The Mangohud patches are forthcoming while I clean them up.

Not wired up, just the definitions so it lives in the InternalThreadState. We want this accessible from both FEXCore and the frontends so it needs to live there. Two types of events supported. Scoped cyclecounts and instant increments. This gives us JIT time and Signal handling time, plus events for number of SIGBUS and number of SMC events. All useful statistics for seeing stutter live.

For the four things we care about

Not wired up to anything. Requires the frontends to allocate shared memory in the expected way.

This is fairly straightforward. It creates the shared memory region in /dev/shm/fex-<pid>-stats so that Mangohud can sample it.

This is a little trickier, we actually open the `/dev/shm/fex-<pid>-stats` file directly using Windows APIs that way Mangohud (which is going to be on the Linux side, or potentially even embedded in to Gamescope) can safely pick up the stats. A little quirky plus doesn't support expanding its size since WINE doesn't support NtExtendSection, but that's fine.

bylaws · 2025-01-22T09:54:04Z

I'll make a fixup to replace the wine support with something simpler in a bit

neobrain

Gave this a first look - heavy stuff, but gathering and visualizing these metrics indeed is useful functionality to have.

Will mangohud need to maintain a fixed list of FEX-specific metrics (and update them if we add any) or will it automatically pick up new metrics added in FEX?

Is this designed to support accumulation of metrics across processes as well or is it solely for the process running mangohud?

The current implementation leaves me uncomfortable, since there's only so much faith one can have in reliability when interleaving weakly-ordered atomics, shared memory, and a custom linked list implementation. Well-placed and tested abstractions and more explaining docs would help support that faith.

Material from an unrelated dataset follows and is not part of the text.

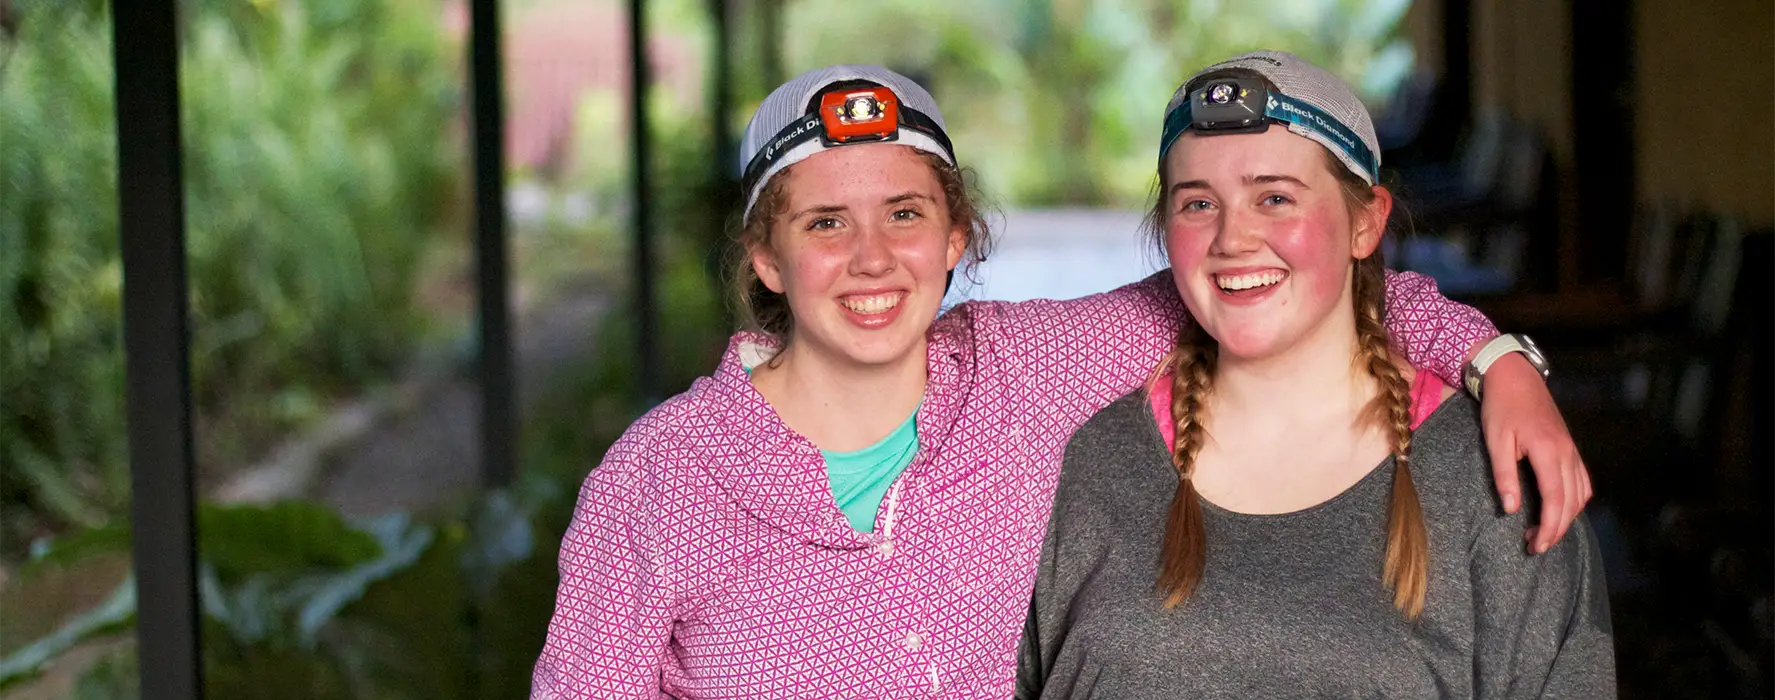 Two students wearing headlamps pose for a photo together.

More generally, can I ask what's the benefit of a MangoHud-specific approach compared to an established nanosecond-resolution live-profiler like Tracy? Obviously MangoHud is great for general stats like FPS and CPU load, but FEX's metrics are very specific and I'm not sure how valuable having a short window of these is. Most metrics could probably even be reported via ftrace despite its overhead (i.e. less rapidly updated metrics, or those that relate to costly SIGBUS/SMC events anyway), which could give us free multi-process awareness without bespoke accumulation logic in external projects.

Source/Tools/LinuxEmulation/LinuxSyscalls/ThreadManager.cpp

Source/Common/Profiler.cpp

Source/Common/Profiler.h

Source/Tools/LinuxEmulation/LinuxSyscalls/ThreadManager.cpp

neobrain · 2025-01-22T14:35:30Z

Source/Common/Profiler.h

+#endif
+
+namespace FEX::Profiler {
+class StatAllocBase {


There's some heavy logic in here, so this should explain what it's doing.

neobrain · 2025-01-22T15:22:22Z

Source/Common/Profiler.h

+  FEXCore::Profiler::ThreadStatsHeader* Head {};
+  FEXCore::Profiler::ThreadStats* Stats;
+  FEXCore::Profiler::ThreadStats* StatTail {};


Why are you preferring a custom-implemented linked list over flat memory? This seems neither more convenient for the implementation nor like it would improve performance.

Sparsity in the allocation buffer is a concern, so this is how I'm keeping the implementation.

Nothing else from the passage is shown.